[Recorded data]
━━━━━━━━━━━━━━━━━━━━
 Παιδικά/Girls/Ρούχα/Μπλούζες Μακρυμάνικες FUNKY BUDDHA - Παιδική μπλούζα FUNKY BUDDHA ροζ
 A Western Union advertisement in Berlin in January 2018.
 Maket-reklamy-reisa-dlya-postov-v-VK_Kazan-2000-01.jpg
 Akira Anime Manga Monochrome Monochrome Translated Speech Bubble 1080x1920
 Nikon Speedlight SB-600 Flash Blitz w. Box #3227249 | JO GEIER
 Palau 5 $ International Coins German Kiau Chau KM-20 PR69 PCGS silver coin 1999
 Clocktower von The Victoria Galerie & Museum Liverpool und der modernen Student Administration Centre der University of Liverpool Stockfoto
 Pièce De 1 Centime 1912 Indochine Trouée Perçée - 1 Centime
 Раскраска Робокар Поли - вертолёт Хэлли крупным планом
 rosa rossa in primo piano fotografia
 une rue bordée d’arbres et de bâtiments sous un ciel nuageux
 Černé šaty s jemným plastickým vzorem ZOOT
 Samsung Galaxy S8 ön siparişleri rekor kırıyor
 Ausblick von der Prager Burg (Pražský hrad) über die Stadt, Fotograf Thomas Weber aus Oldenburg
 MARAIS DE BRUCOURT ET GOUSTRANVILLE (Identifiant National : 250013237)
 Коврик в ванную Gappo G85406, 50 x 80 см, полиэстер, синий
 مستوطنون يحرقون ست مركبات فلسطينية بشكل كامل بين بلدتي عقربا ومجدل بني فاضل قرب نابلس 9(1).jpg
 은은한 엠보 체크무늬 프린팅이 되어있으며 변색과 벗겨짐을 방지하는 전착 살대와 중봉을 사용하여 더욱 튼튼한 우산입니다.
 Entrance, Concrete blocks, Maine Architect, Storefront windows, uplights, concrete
━━━━━━━━━━━━━━━━━━━━
=== Problem statement ===
Here the job is to transcribe the lines from the first line of the data through the line containing "une rue bordée", inclusive, exactly and with nothing else.

=== Output of the exercise ===
 Παιδικά/Girls/Ρούχα/Μπλούζες Μακρυμάνικες FUNKY BUDDHA - Παιδική μπλούζα FUNKY BUDDHA ροζ
 A Western Union advertisement in Berlin in January 2018.
 Maket-reklamy-reisa-dlya-postov-v-VK_Kazan-2000-01.jpg
 Akira Anime Manga Monochrome Monochrome Translated Speech Bubble 1080x1920
 Nikon Speedlight SB-600 Flash Blitz w. Box #3227249 | JO GEIER
 Palau 5 $ International Coins German Kiau Chau KM-20 PR69 PCGS silver coin 1999
 Clocktower von The Victoria Galerie & Museum Liverpool und der modernen Student Administration Centre der University of Liverpool Stockfoto
 Pièce De 1 Centime 1912 Indochine Trouée Perçée - 1 Centime
 Раскраска Робокар Поли - вертолёт Хэлли крупным планом
 rosa rossa in primo piano fotografia
 une rue bordée d’arbres et de bâtiments sous un ciel nuageux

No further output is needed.